= SUPPLIED INFORMATION =
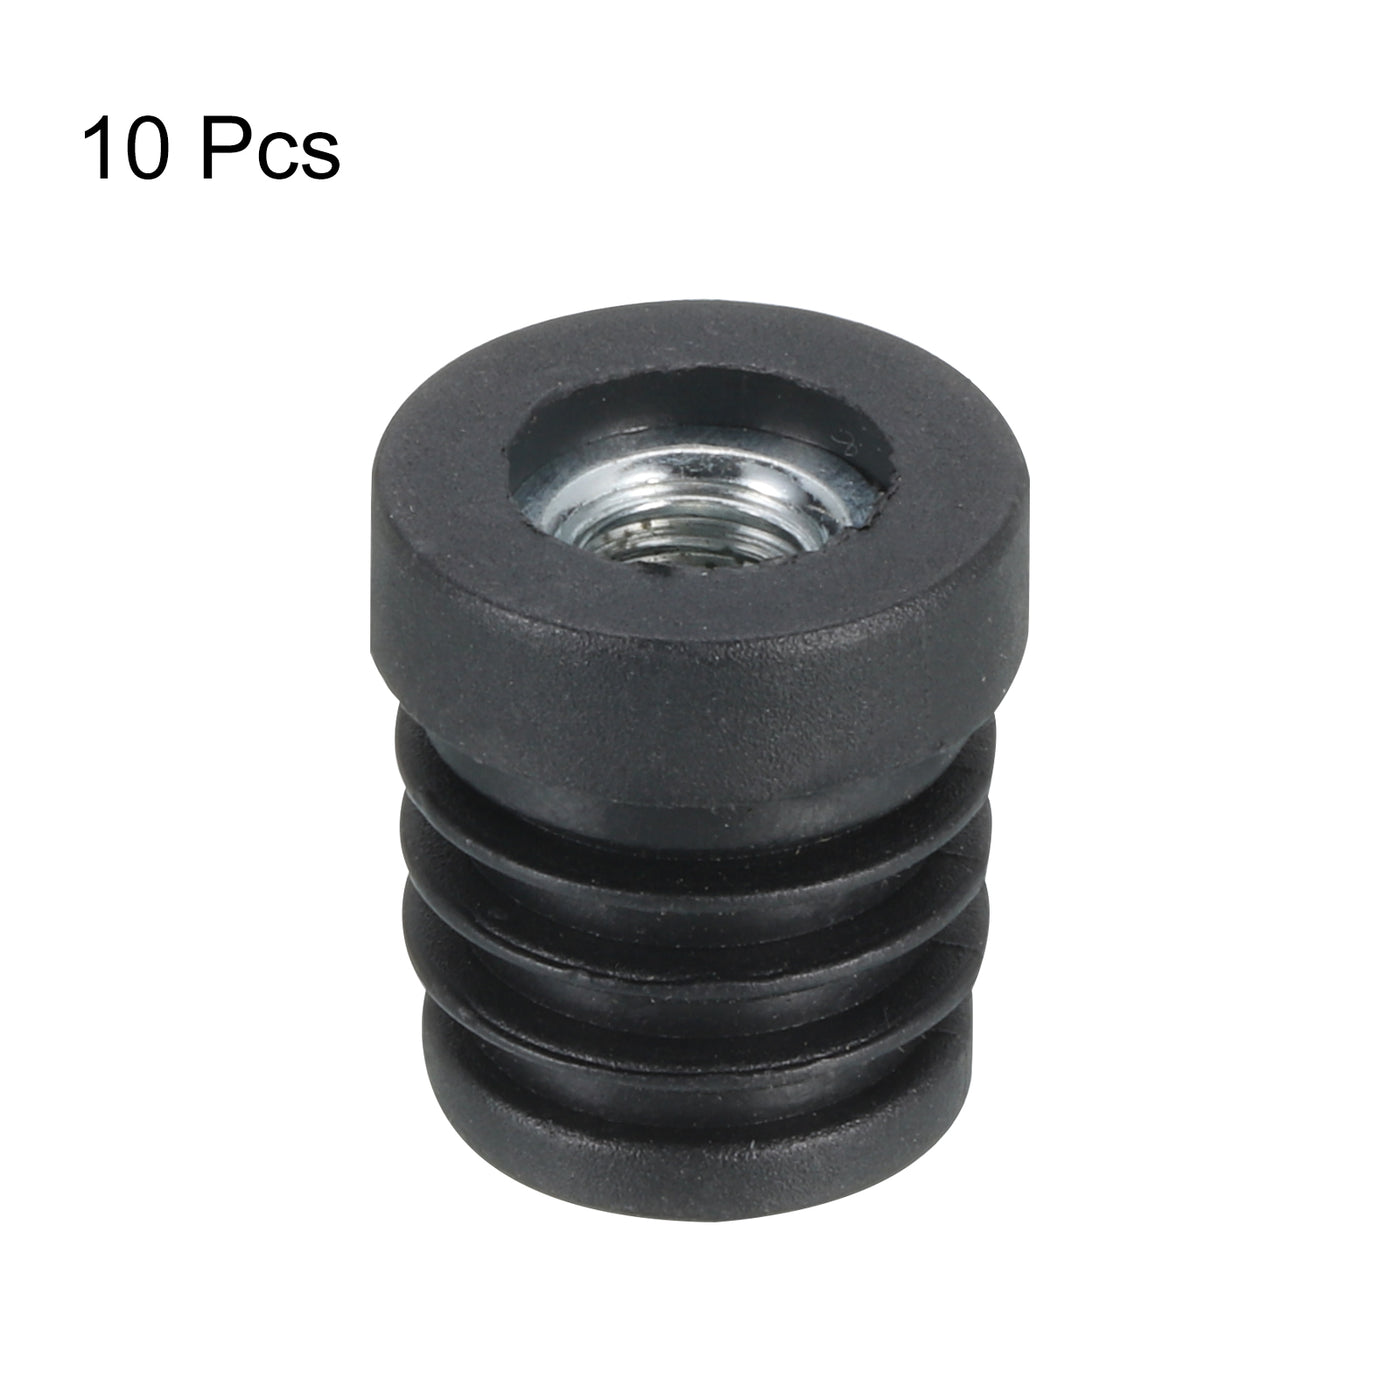 uxcell Uxcell 10Pcs Caster Insert with Thread, 19mm/0.75" M8 Thread for Furniture
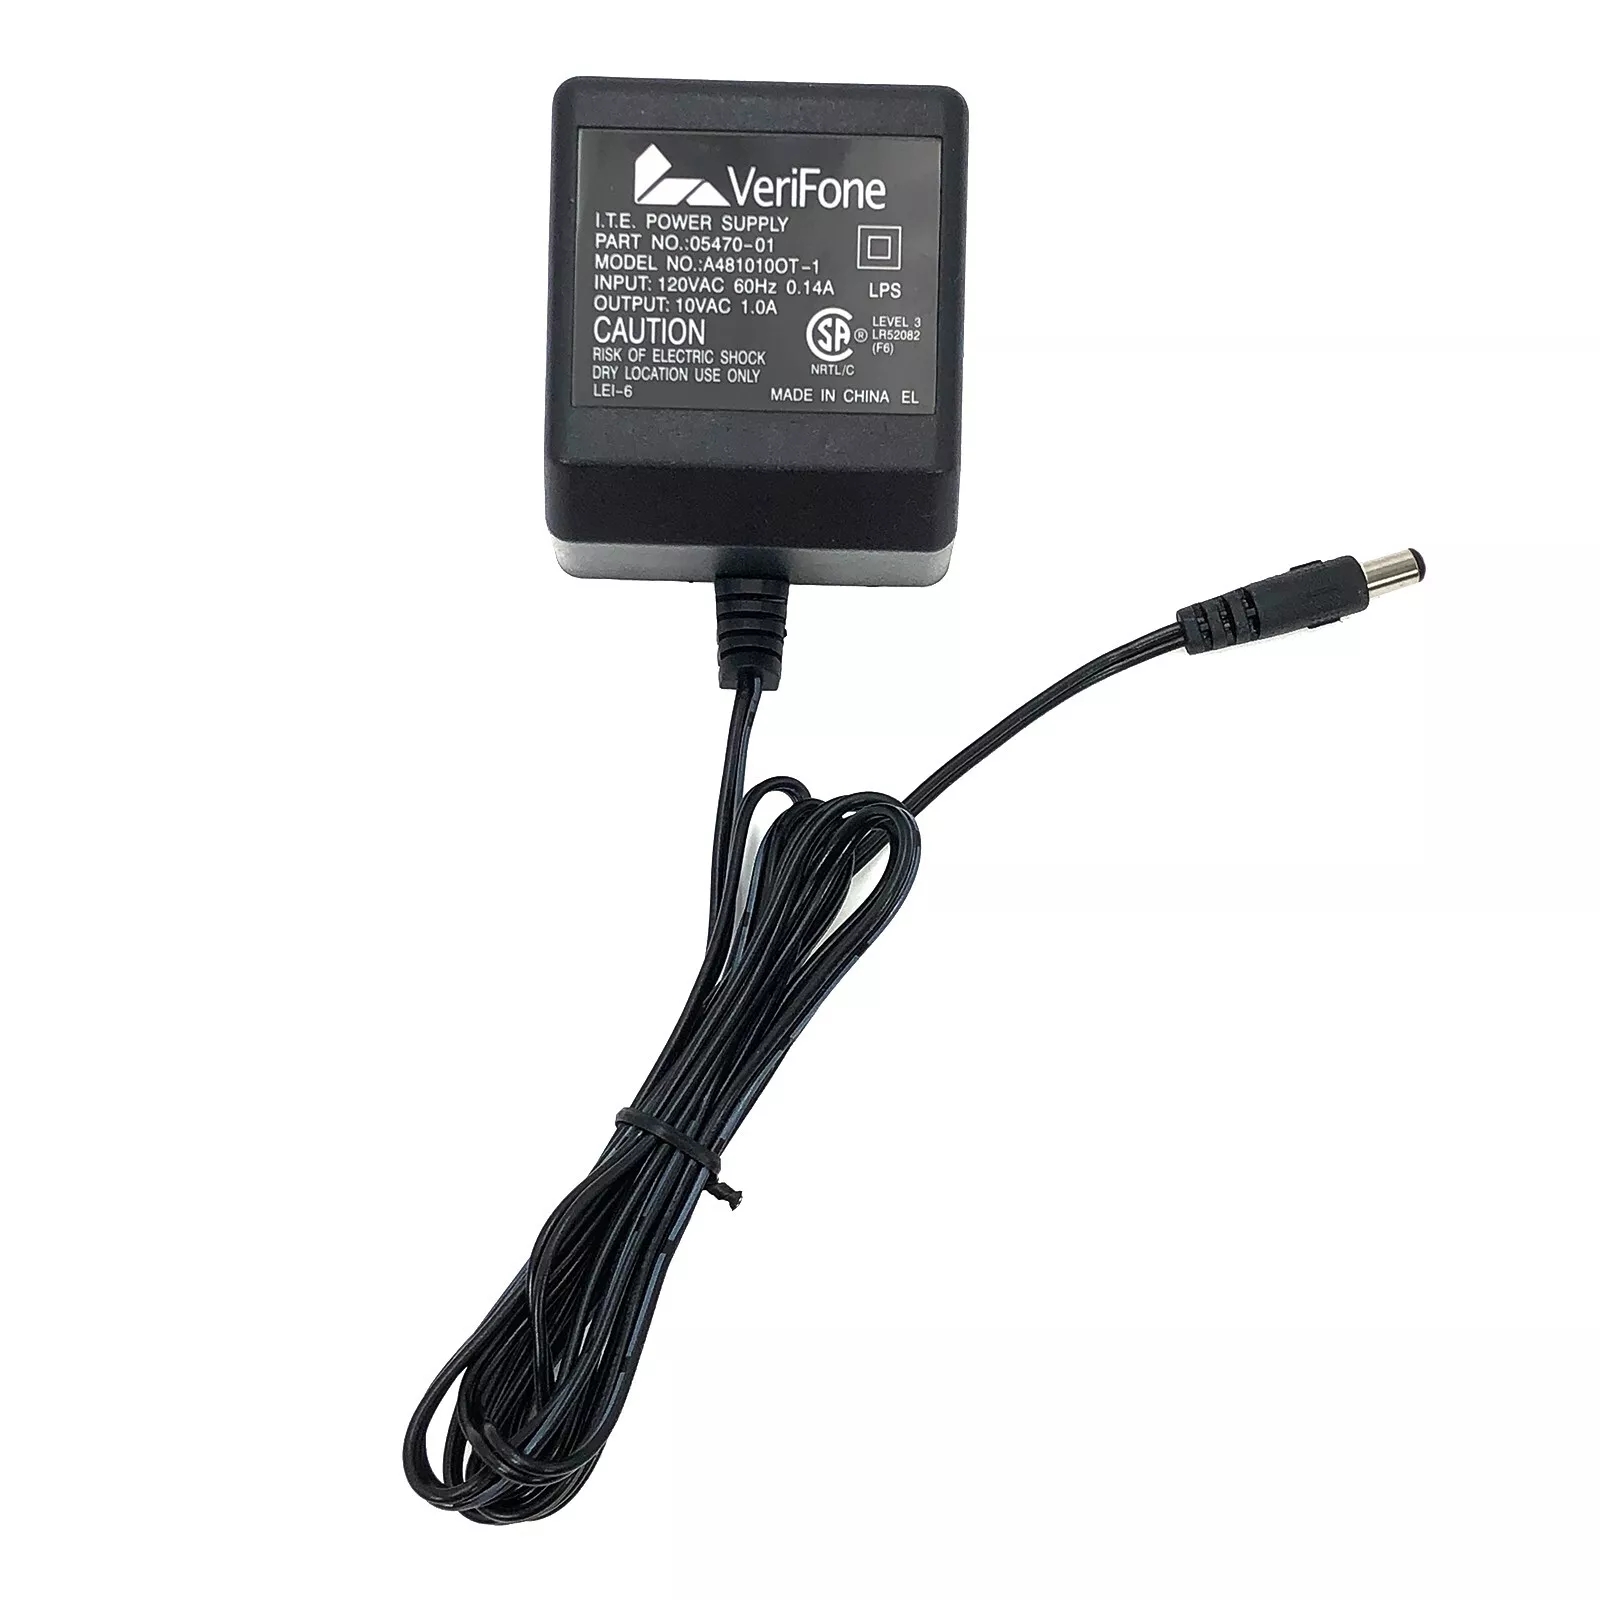 *Brand NEW*Genuine VeriFone A481010OT-1 10V 1A AC/DC Adapter with 5.5x2.1mm Power Supply
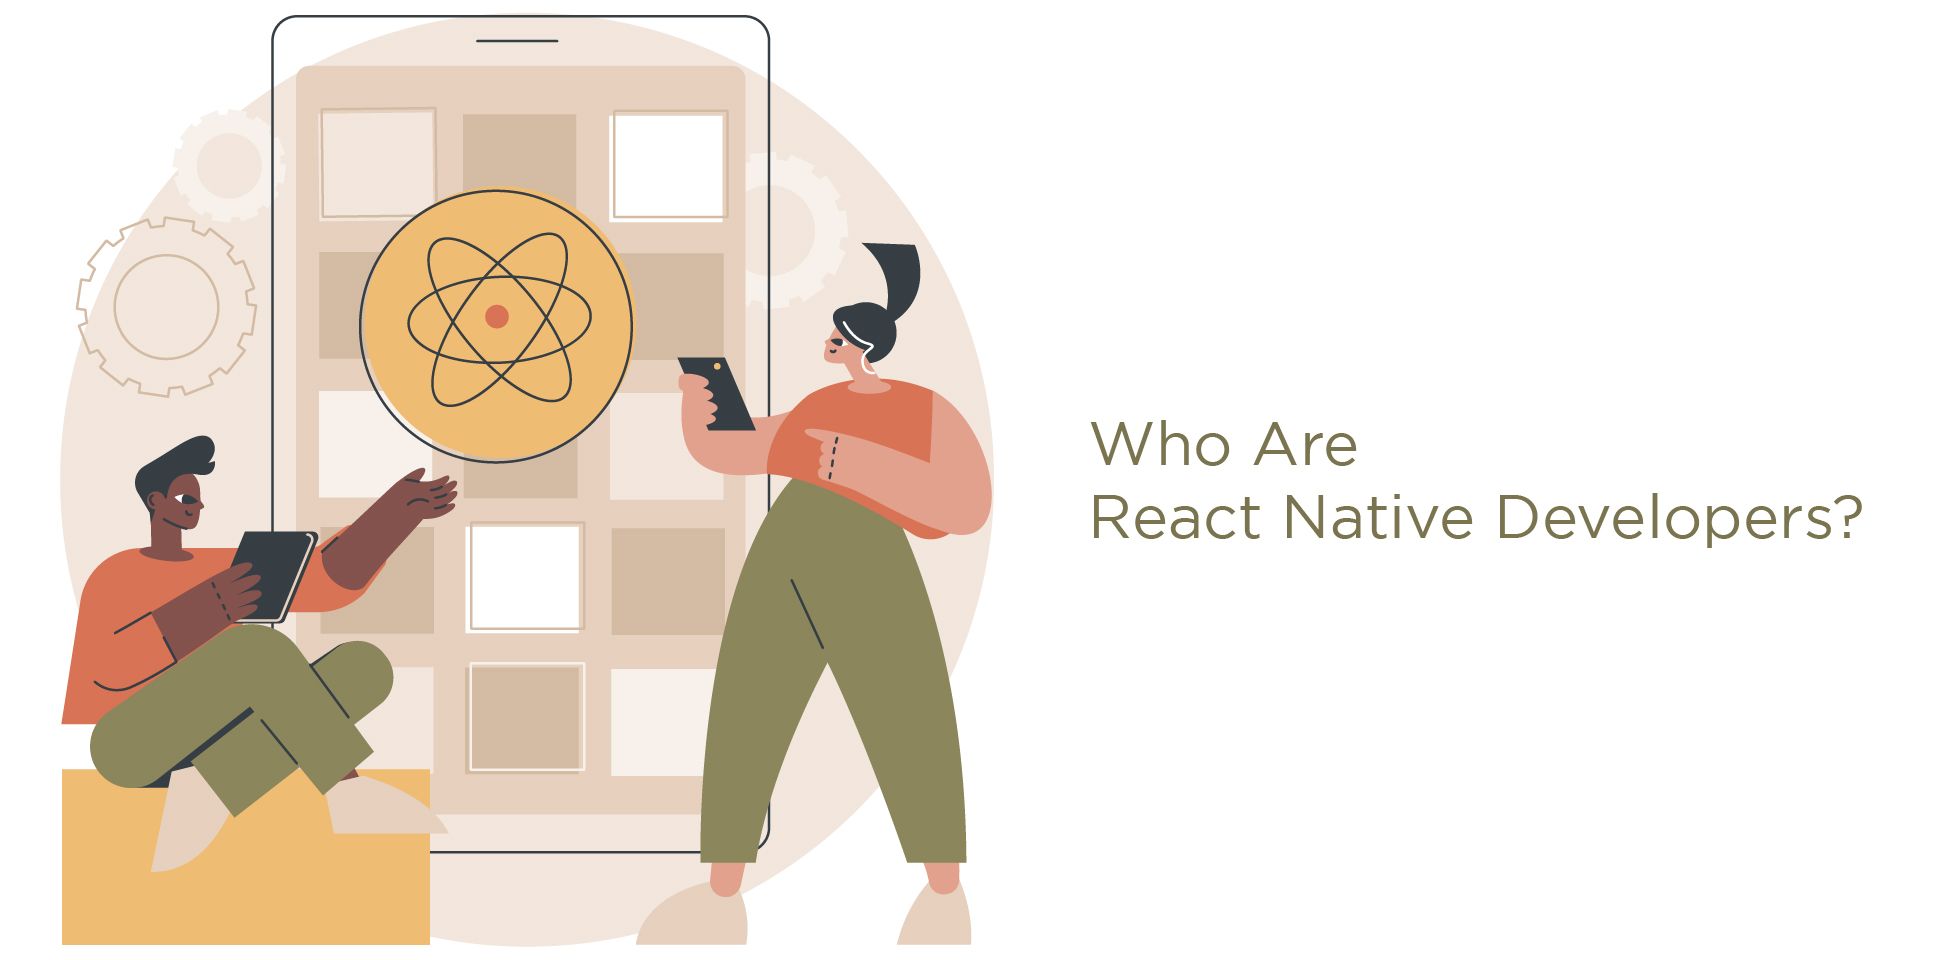 Who Are React Native Developers?

= INSTRUCTIONS FOR THE TASK =
In full and without changes, repeat the listing above, but not its pictures.

= EXPECTED ANSWER =
 uxcell Uxcell 10Pcs Caster Insert with Thread, 19mm/0.75" M8 Thread for Furniture
 *Brand NEW*Genuine VeriFone A481010OT-1 10V 1A AC/DC Adapter with 5.5x2.1mm Power Supply
 Who Are React Native Developers?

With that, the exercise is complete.